Ульмасов встал, широко раскрыл объятия.
— О… о… о!.. Барот-ака, дорогой мой, вы живы и здоровы? Не верю своим глазам!.. Каким же ветром вас сюда занесло? А! Понимаю, понимаю, раз вы в этом бараке, значит, причина у нас с вами одна! — обрадовался Ульмасов, обнимая Барот-амака, мешая таджикскую и узбекскую речь.
— А этого человека, Урмонбек, неужели не узнаете? — Усто Барот показал на Ака Навруза. — Этот человек — усто Навруз, столяр, помните?
Ульмасов изумился еще более и после объятий сказал по-русски:
— Друзья, дорогие! Мы все трое из одного рода-племени! Свои лучшие годы провели в Сибири, в ссылке…
— Ого!.. Какая удивительная встреча! Бывает же так в жизни!.. — послышались отовсюду восклицания.
— И с того далекого времени так и не встречались? — полюбопытствовал Куликов.
— В двадцать девятом на учредительный съезд Таджикской республики, — вспомнил усто Барот, — товарищ Ульмасов приезжал к нам в качестве представителя братского Узбекистана.
— Истинная правда! — подтвердил Ульмасов. — Но самое удивительное — это, конечно, нынешняя встреча, да еще где, подумать только! На Урале, на пороге, так сказать, той самой далекой Сибири…
— И на таджикском, оказывается, хорошо говорите, товарищ Ульмасов! — Олимову хотелось сделать приятное гостю.
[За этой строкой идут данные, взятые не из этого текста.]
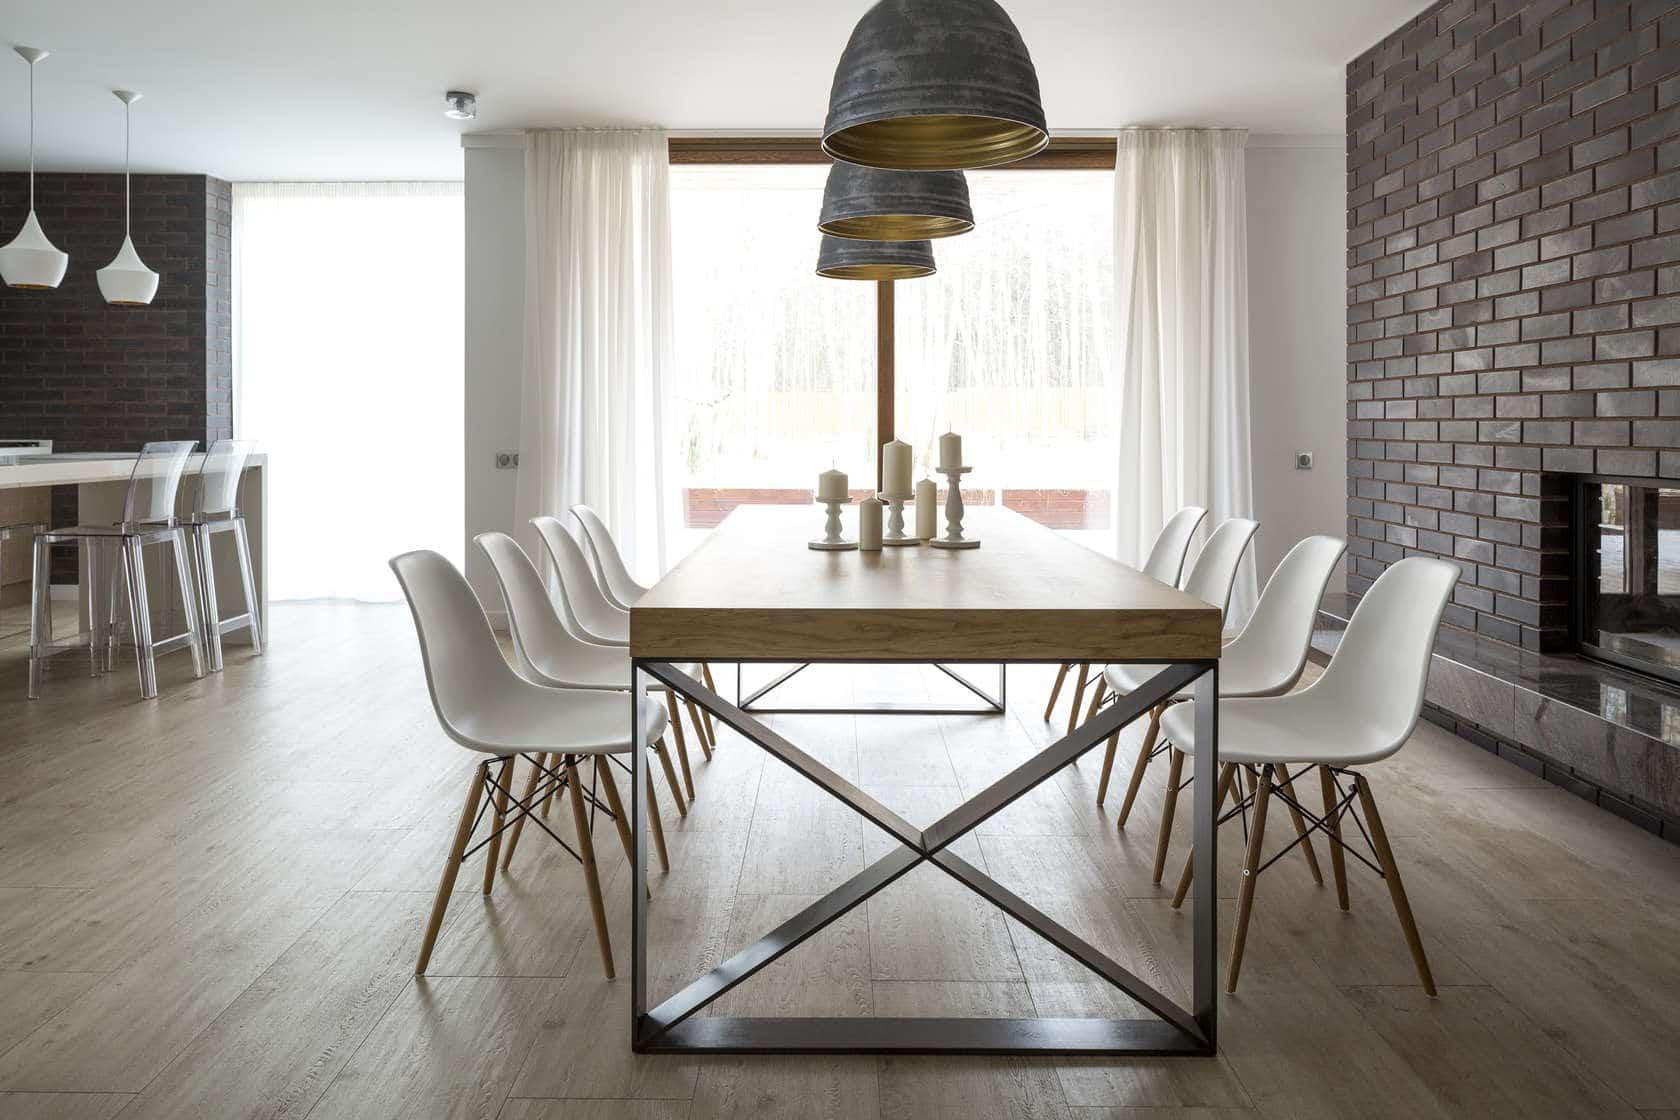 De Madera Diseño Dos Casa Pisos rdCBeoWxQ

— Отец у меня таджик, — пояснил Урмонбек. — Да кроме того, вы, конечно, знаете, в тридцатых годах образованным человеком в наших краях считался тот, кто знал и умел разговаривать на таджикском и персидском языках. Пантюркисты и националисты всеми мерами пытались эту традицию свести на нет… Да не вышло вот ничего!
— Да, у истоков культуры стояли еще Джами и Навои, — с гордостью вспомнил усто Барот, — наши великие поэты, просветители!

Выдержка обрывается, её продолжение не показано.